Ever since Sen.-elect Bryce Reeves’ victory over entrenched incumbent R. Edward Houck, Spotsylvania Democrat, in November, the spotlight in Virginia (politically, at least) has been shining directly on Republican Lt. Gov. Bill Bolling.
As president of the Senate, Mr. Bolling holds the power to break ties, a power the GOP used to quickly declare that they intended to govern as a majority party. The chamber will be divided evenly at 20-20 once the General Assembly convenes next week.
A Richmond city judge has set aside a lawsuit from Senate Caucus Chairman A. Donald McEachin, Richmond Democrat, seeking to block Mr. Bolling from casting tie-breaking votes on matters such as the all-important task of organizing committees, which determine which bills make to the Chamber’s floor and which die a quiet death without a vote from the full body, calling the challenge premature.
Mr. Bolling’s office has consistently maintained that the lieutenant governor does, in fact, have the power to cast such tie-breaking votes on organizational matters. And on Tuesday, Mr. Bolling clarified his role in a memorandum to members of the Virginia Senate and Senators-elect.
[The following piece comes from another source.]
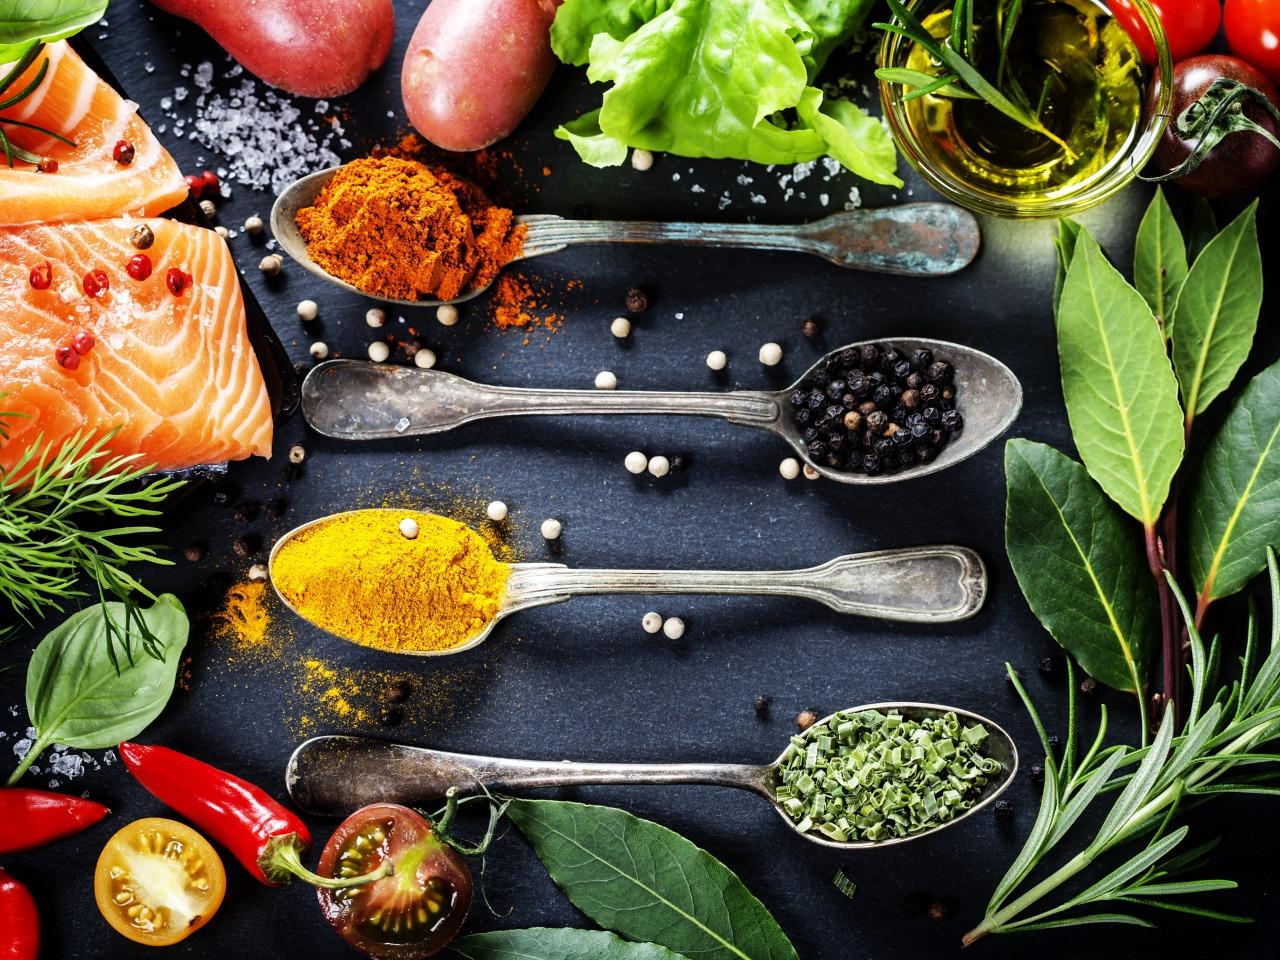 Пополним запасы? Настоящие специи и приправы: широкий ассортимент по доступным ценам. Черная соль. Каши и мука для здорового питания. Выкуп 9.

In the memo, he argues the lieutenant governor’s “broad reaching authority” to cast a tie-breaking vote as President of the Senate “applies to every matter that comes before the Senate unless another provision of the Constitution of Virginia has expressly imposed a limit on the lieutenant governor’s authority to cast a vote.”
Mr. Bolling also writes that he does, in fact, have the power to cast votes on matters of organization. He points to other areas where the Constitution requires a “majority of members elected” for certain measures, such as appropriations or Constitutional Amendments, to pass.
That language is not used in the section that says that the House and the Senate are tasked with selecting their own officers and determining their own rules, he noted.
Democrats, though, have argued that nothing in the state constitution expressly allows the lieutenant governor “any role” in the chamber’s responsibility to select its officers and settle its rules of procedure.
Mr. Bolling conceded that “members elected” in the cases of voting to issue bonds, elect judges and approve Constitutional amendments do not include the lieutenant governor.
Ironically, he cited the two attorneys general opinions that Mr. McEachin used in the Senate Democrats’ lawsuit - a 1980 opinion from Republican Attorney General Marshall Coleman concluding that the lieutenant governor is not a member of the Senate for the purposes of passing certain bills and another, from Attorney General Jim Gilmore in 1996, affirming the 1980 opinion.
“I recognize that Senators on both sides of the aisle may be disappointed with my conclusions, albeit for entirely different reasons,” he wrote. “However, throughout my service as Lieutenant Governor I have tried to preside over the Senate in a fair and impartial manner, and I will continue to do so.
“In addition, I have taken a solemn oath to uphold the Constitution of Virgina, which allows us to faithfully serve the people who elected us to our offices. I believe that what I have outlined above is a correct and impartial interpretation and application of the Constitution of Virginia, and therefore, I will act accordingly on any matters that come before the Senate.”